切れ長のつり目に見詰められ、またもや肩が跳ねる。漫画だったら効果音は多分「ぴぇっ」だ。近付いてきたので身構えれば、十分な距離を置いて司令官さんは跪いた。え、この時点で好感度急上昇。


「お前さん、その猫は何処で?」

「・・・その辺にいた」

「そうか。親は?」

「死んだ」

「わりぃ。他に生きてるやつに会ったか?」

「会ってないよ」

「そうか。なぁ、嬢ちゃん」


反らすこと無く、司令官さんは私をまっすぐ見詰める。目と目を見て話すのは、とても大事だ。


「その猫と一緒に、俺たちの元で暮らさないか」


疑問符はついていなかったし、元よりそのつもりだったのだ。断る理由もない。何より、子供だからと話を隠したりせず、きちんと向き合ってくれた。あぁ、本当にこの人はいい人だ。養護教諭をやっていた時にも、こんな人が大勢いればと何度思ったことか。


「目は口ほどにモノを言う」

「ん?」

「良いよ、御兄さん正直者だから。利用されて上げる」

「・・・ん??」

「え?」

「おやぁ?」

「うんん?」

『全くお前さんは・・・』


詳しいことは知らないが、ナナシを手元に置いておくために私を利用しようとしてるのは分かった。なので細やかな意地悪だ、極上の子供スマイルもおまけしてやろう。

兵士さんたちが顔をひきつらせている?知ったことか、これからお世話になりまぁす。


司令官さんに抱えられて荷車まで移動。3班は私とナナシがいるので、先に砦に帰れと司令官さんに命令された。流石に死体の乗った荷車に乗せるわけにはいかないので、兵士さんたちの荷物を乗せていた荷車に乗せてもらった。


「お嬢ちゃん、その猫に名前はあるのか?」

「ナナシ」

「ナナシ?不思議な名前だな」

「毛並みも随分汚れちまって・・・可哀想に」

『みー』

「わっぷ、何さ」

『そういや、お前さんに猫の立ち位置を言ってなかったなと思ってな。この世界で猫というのは神聖な生き物だ。一国に十匹いるかいないかだと思え。ちなみに猫が懐くのは一人だけで、懐かれた人間は猫の言葉が分かる。お前さんが俺と会話してても怪しまれねぇよ』

「それをはやく言えよ」

「お?どうかしたのか?」


それ知ってたらちゃんとお前にコミュニケイション取ったよ。あとお前そんなにレアキャラなのかよ。改めて兵士さんたちの目を見てみるとナナシに対してギラついた視線を向けている。え、こわ。
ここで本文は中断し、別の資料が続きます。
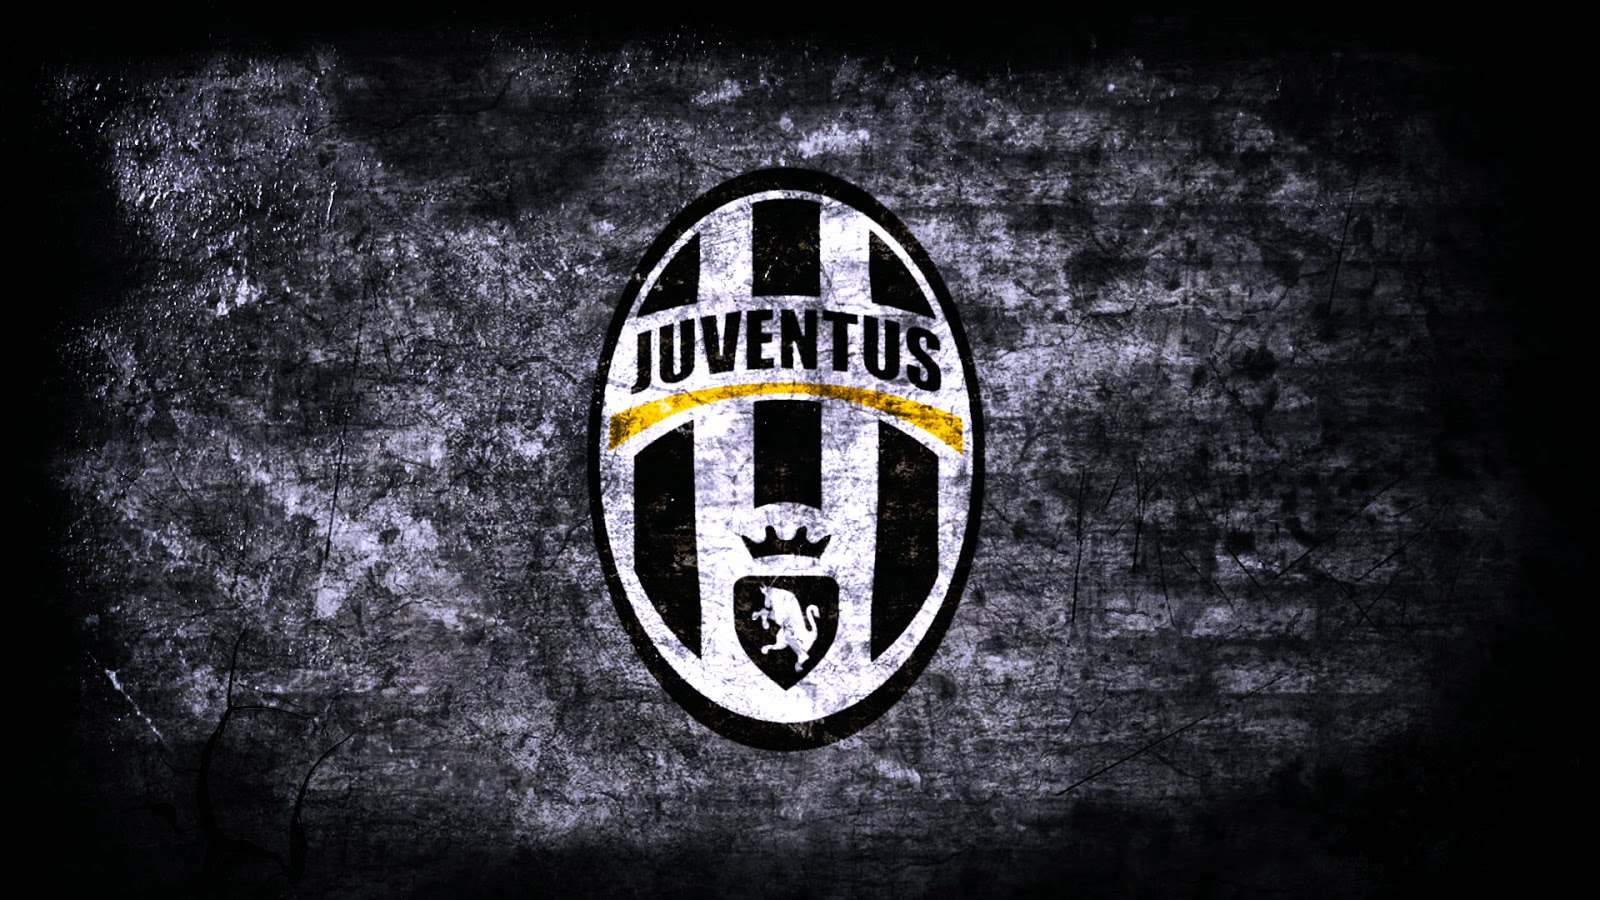 Free Download Juventus Football Club Wallpaper HD Download Free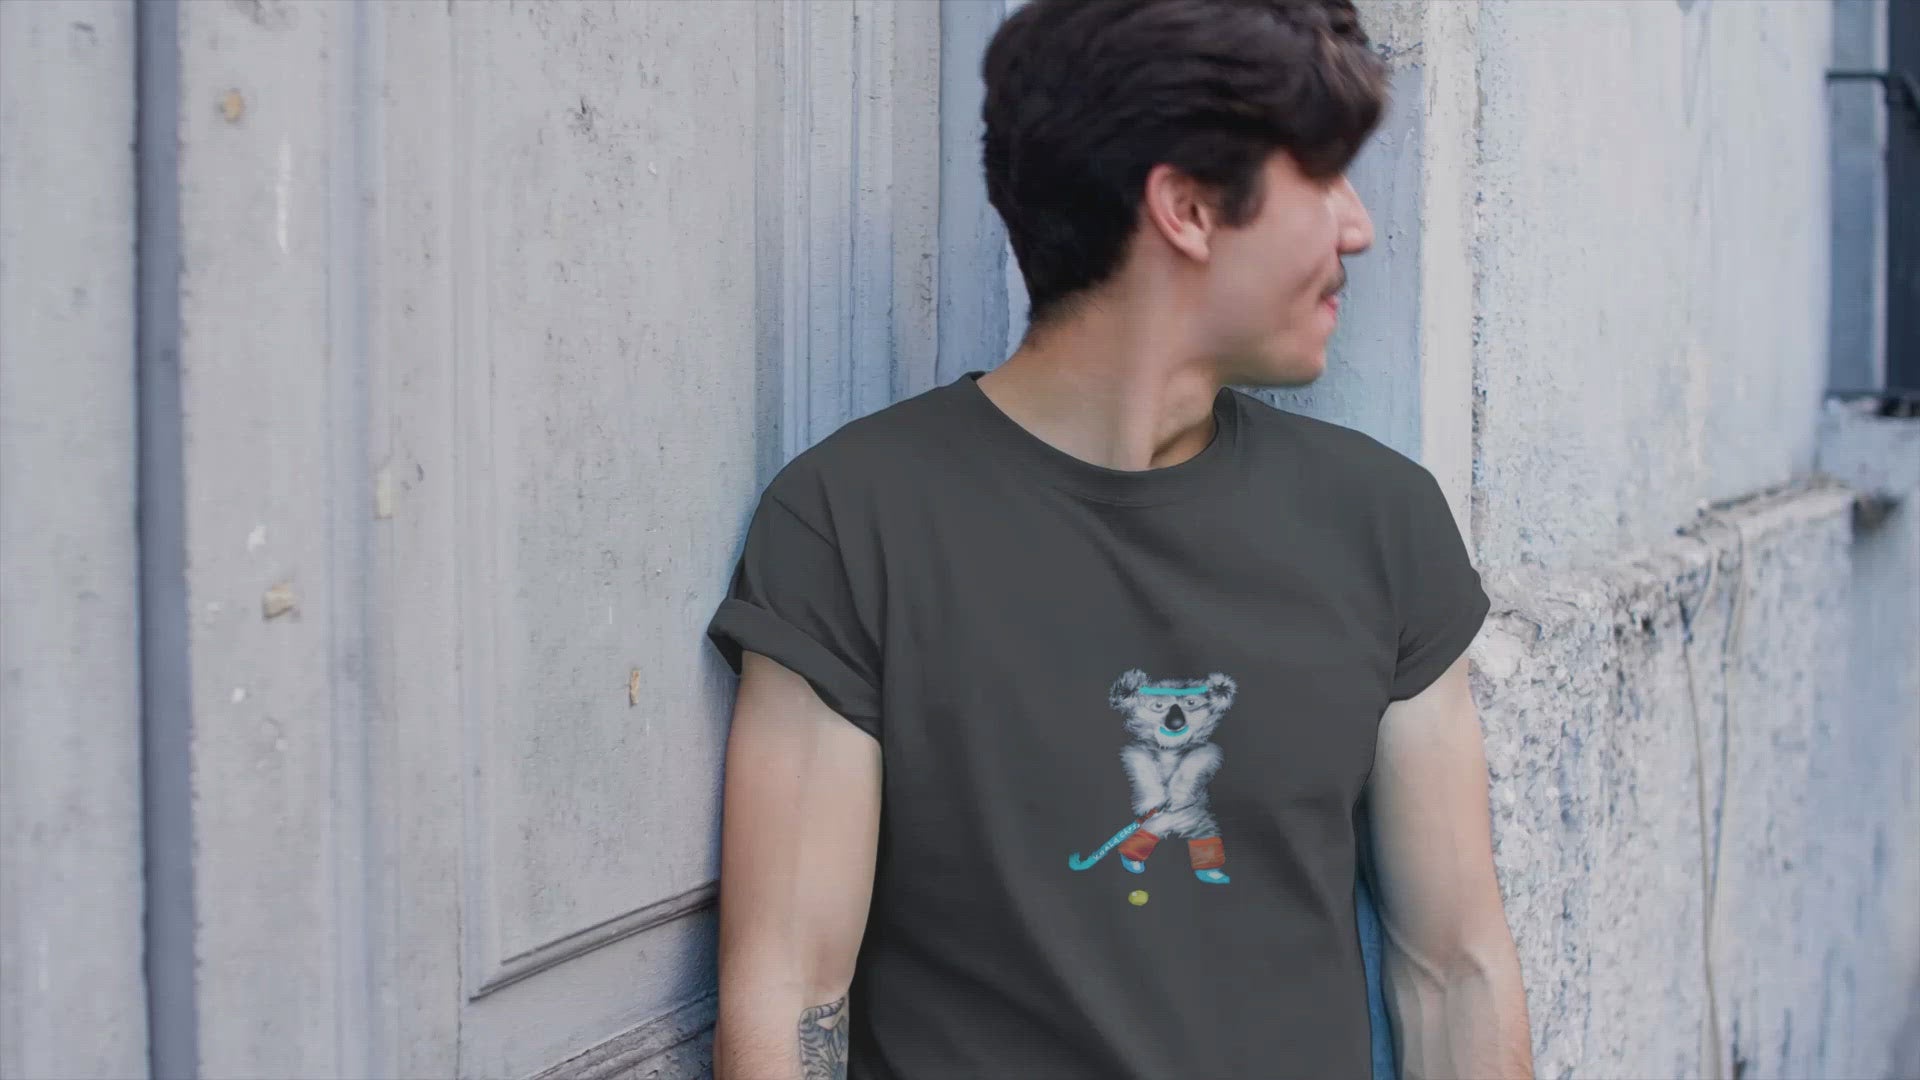 Koala Playing Hockey | 100% Organic Cotton T Shirt worn by a man outside a house

「そういやぁ、嬢ちゃんの名前聞いてなかったな。なんて言うんだ?」

「レモン」


玲、と答えようとした。たしかに玲と言おうとした。しかし口は勝手にレモンと名乗っていた。ま、いっか。別に問題ないし。


「レモンちゃんか。可愛い名前だな」

「ありがとう、ございます?」

「なんで疑問系なんだよ!面白いなぁ!」


わっしゃわっしゃと頭を撫でられる。前世では背が高く、撫でられることなんて滅多に無かったので恥ずかしくなってくる。うきゃー。そもそも可愛いと言われることもあまりなく、大人びてるとかクールとか言われることが多かったので余計に照れてしまう。


「あ、ねぇ。お兄さんたちは何てお名前なの?」

「俺たちか?」

「そうだなぁ、砦で暮らすなら会うことも多いだろうし、自己紹介しておくか!」

「まず、今馬に跨がってんのがガルト」


焦げ茶の髪とくすんだ赤色の瞳がガルトさん。


「で、俺がアレフ」


薄い金髪にフローライトみたいな瞳がアレフさん。


「そんでこいつがライガだ」


全体的に水色なのがライガさん。

皆さんアイドルとか俳優並みに美形さんです。キラキラしてる。なのに猫に目をギラつかせている。シュールだ。


『レモン、暇だ。朗読しろ』

「良いけど、今読めるものないよ?」


左頬に痛くない猫パンチを食らった。そりゃ朗読をするのが転生の条件だったが、今手元に本が無い。人気のお伽噺なら諳じることも出来るが・・・。ふと兵士さんたちを見たら、兵士さんたちは見守りモードに入っていた。


『なら手を本の形にしろ』

「こう?」


両手の掌をあわせる。子供たちがよくやる「おててえほん」のマイムだ。


『で、読みたい本の名前を言え』

「夏目漱石のこころ」

『そしたら開け』


本を開くように掌を開いてみると、驚いた。目の前に文字が浮かんでいる。兵士さんたちも驚いている。浮かんでいる文字を目で追うと、こころの内容が書かれている。・・・すっげー。


『これで読めるだろ』

「すっごーい。なにこれー」

『古代魔術の≪フェリード≫だ。現代には魔道具としてしか残っていないが、お前の魔力はこれを使うのに最適だった』

「え、使える人間いないの?」

『人間はな。ちなみにその魔道具は国宝だ』


今なんと?


つまり、その、あれですか。

生きた国宝ってことですかい?!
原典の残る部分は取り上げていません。